■ **Exercise prompt**
Transcribe each line below verbatim; pictures excluded.

--- Available data ---

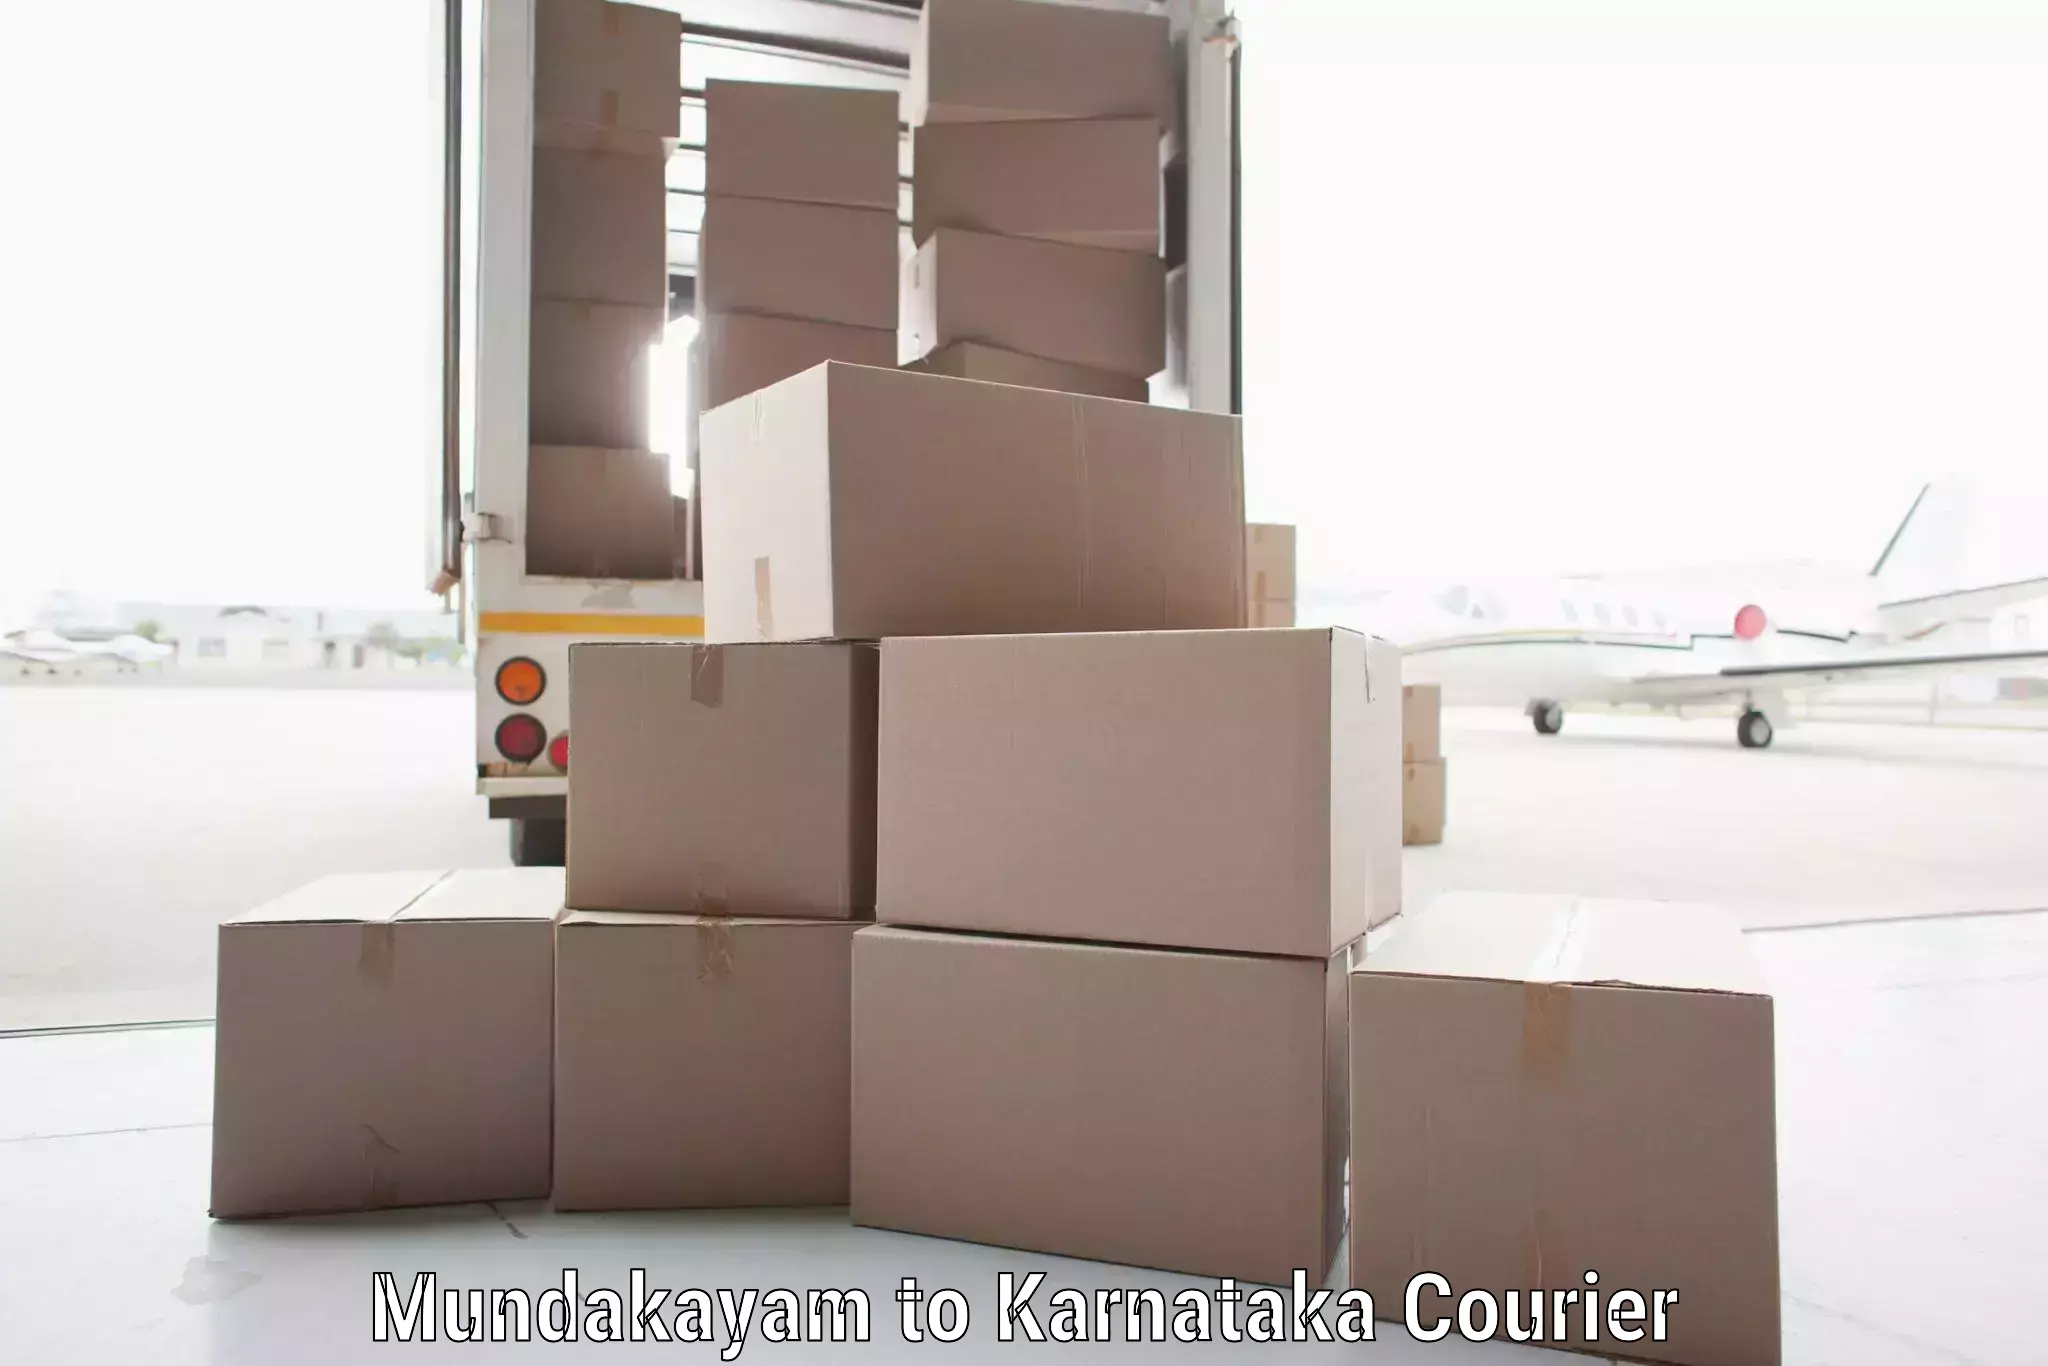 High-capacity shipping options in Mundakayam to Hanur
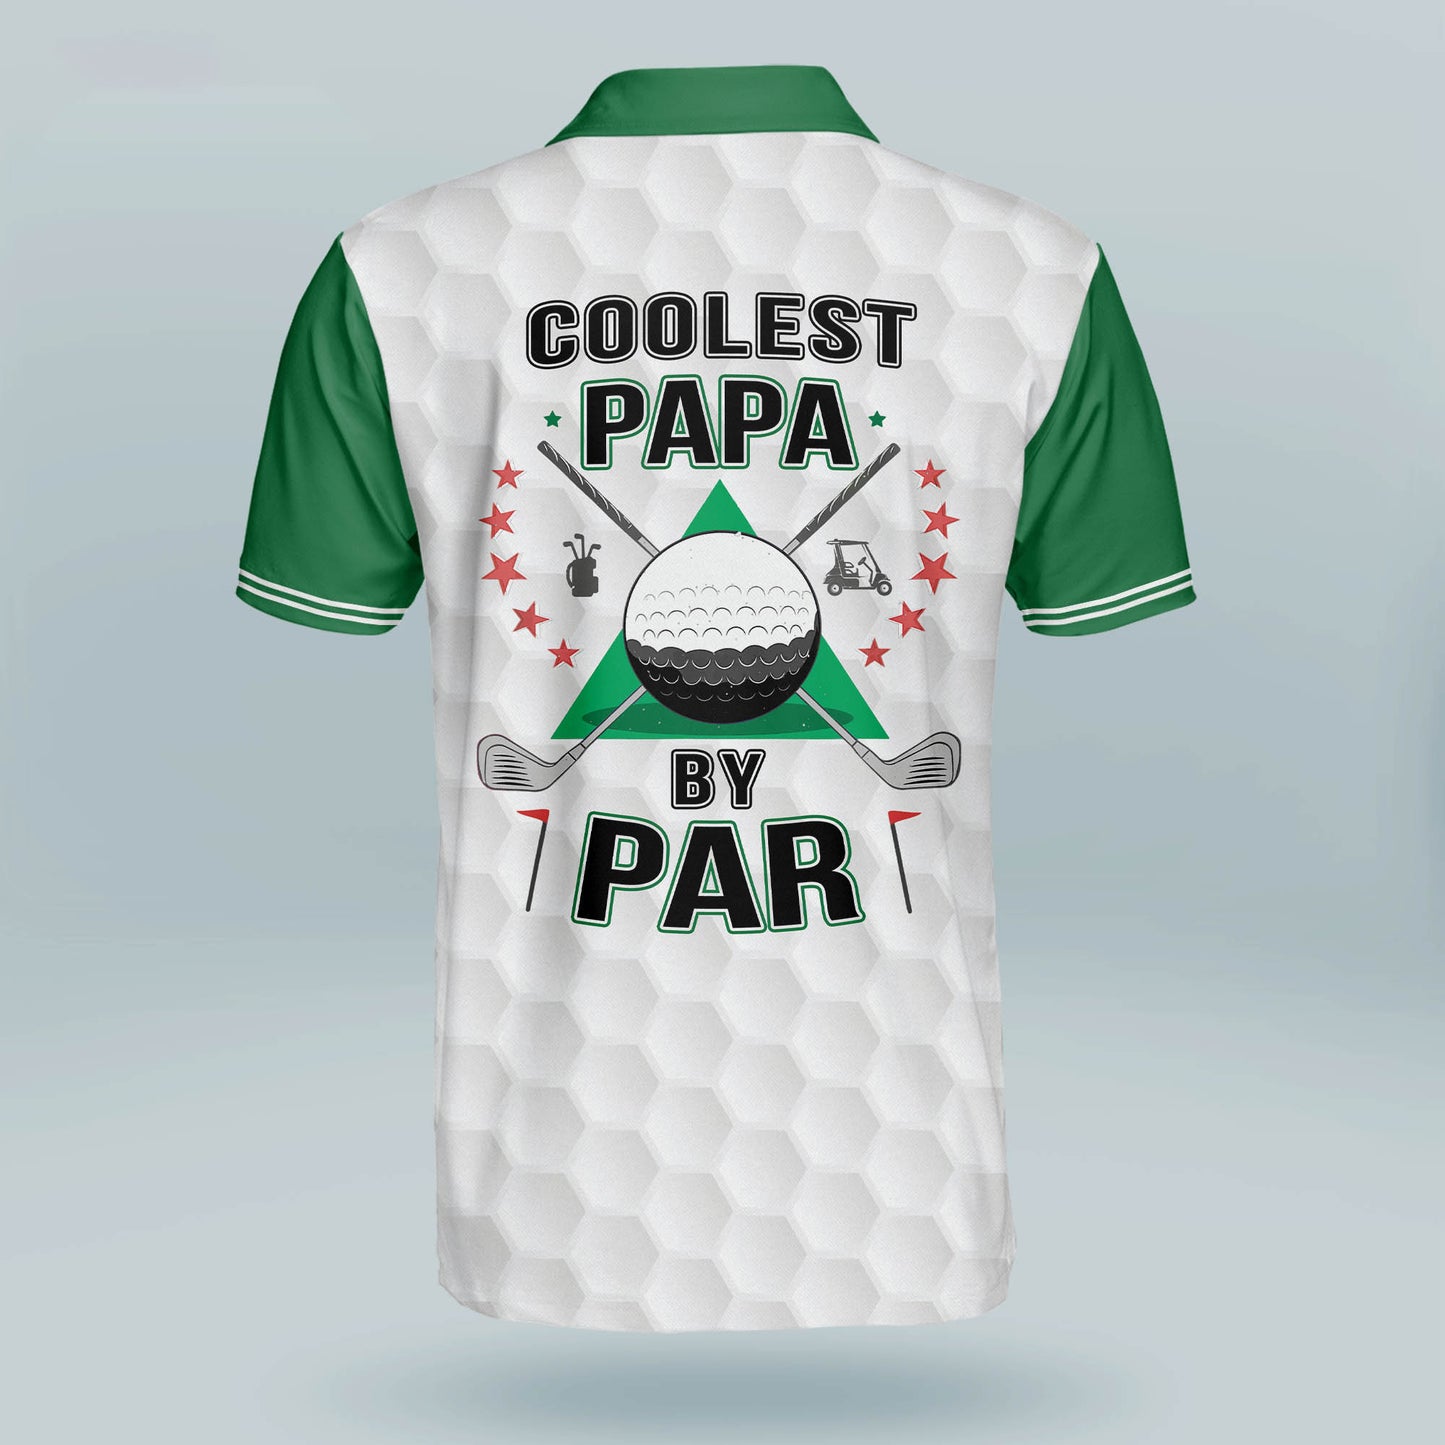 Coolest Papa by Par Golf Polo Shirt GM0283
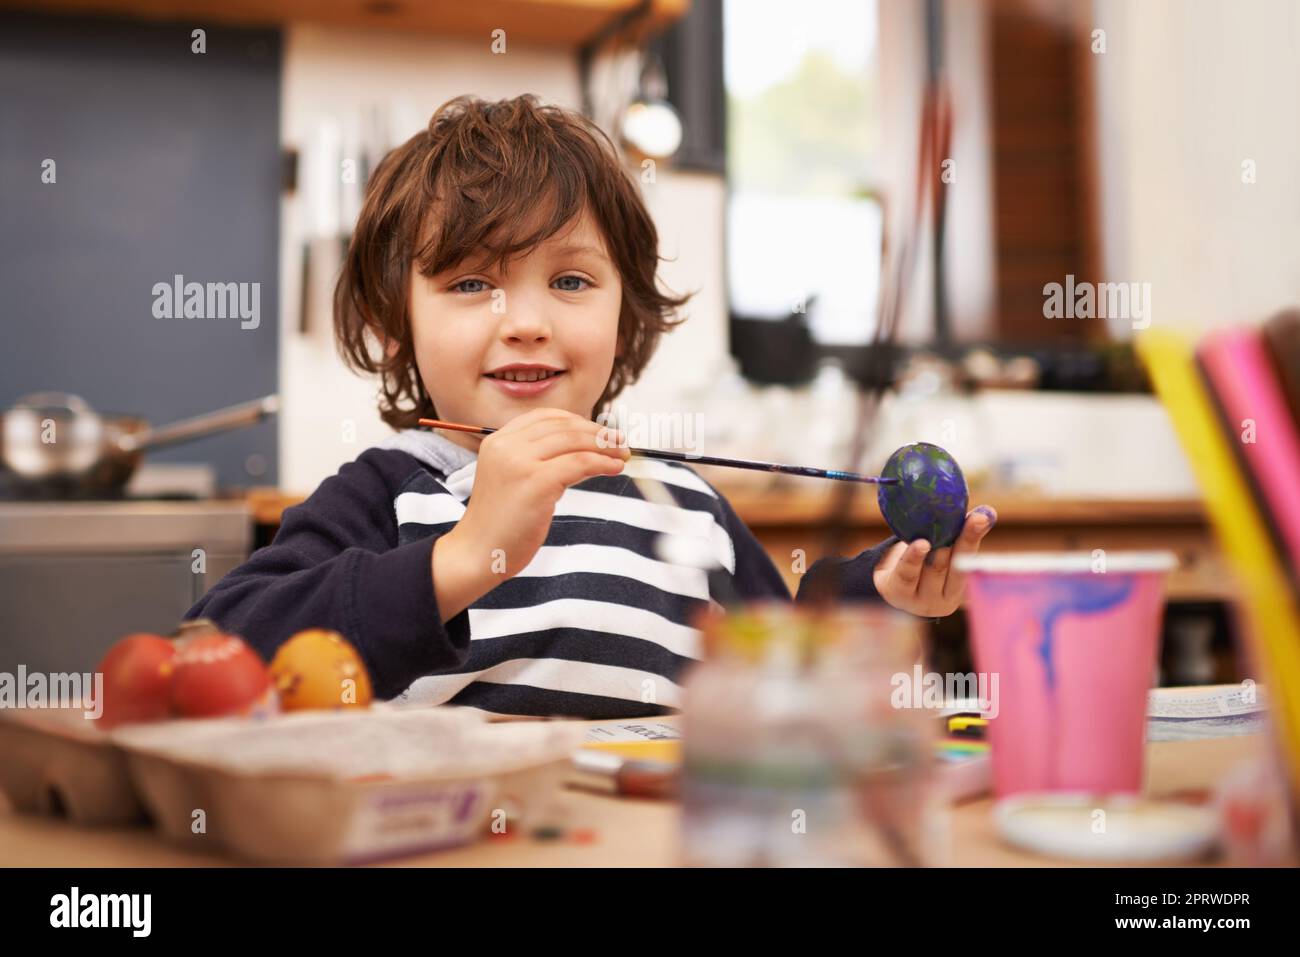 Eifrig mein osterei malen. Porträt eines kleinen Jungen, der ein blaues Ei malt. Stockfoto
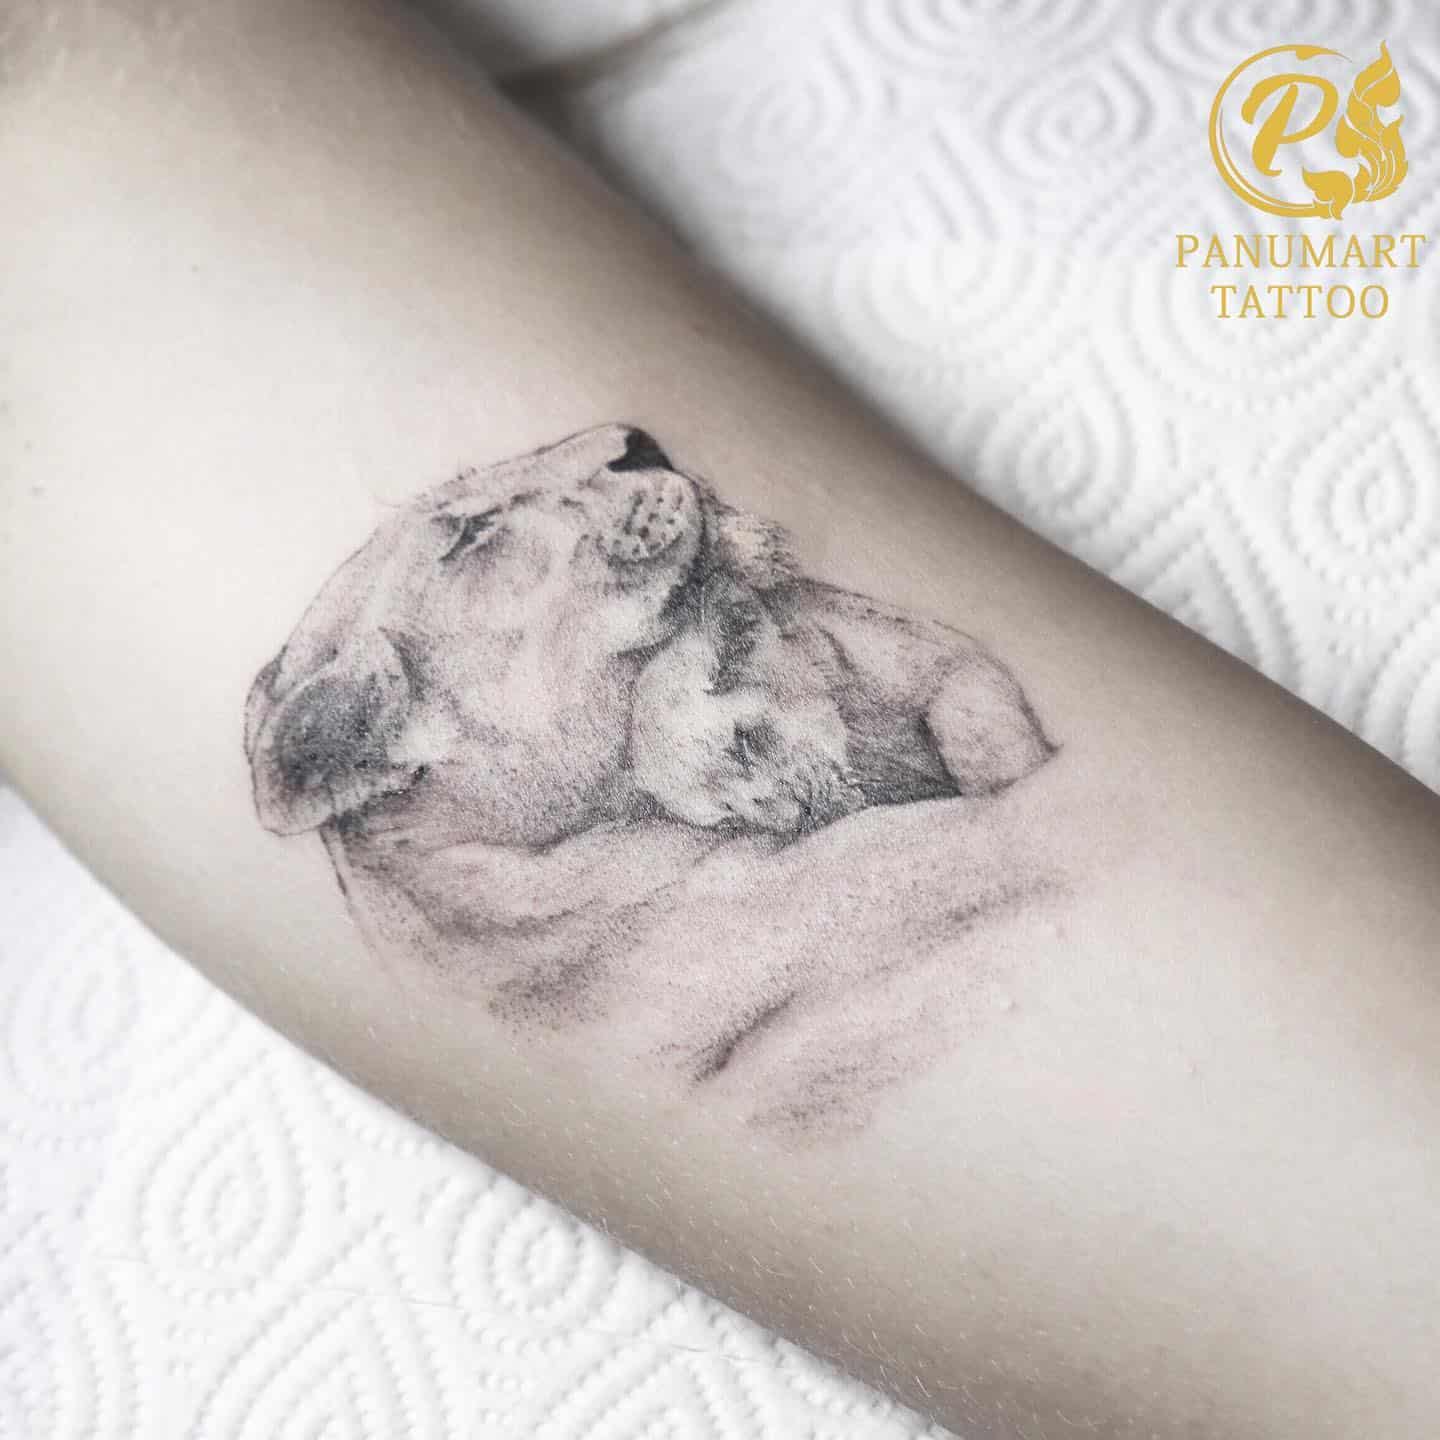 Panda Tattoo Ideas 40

---

■ **Task solution**
 High-capacity shipping options in Mundakayam to Hanur
 Coolest Papa by Par Golf Polo Shirt GM0283
 Eifrig mein osterei malen. Porträt eines kleinen Jungen, der ein blaues Ei malt. Stockfoto
 Panda Tattoo Ideas 40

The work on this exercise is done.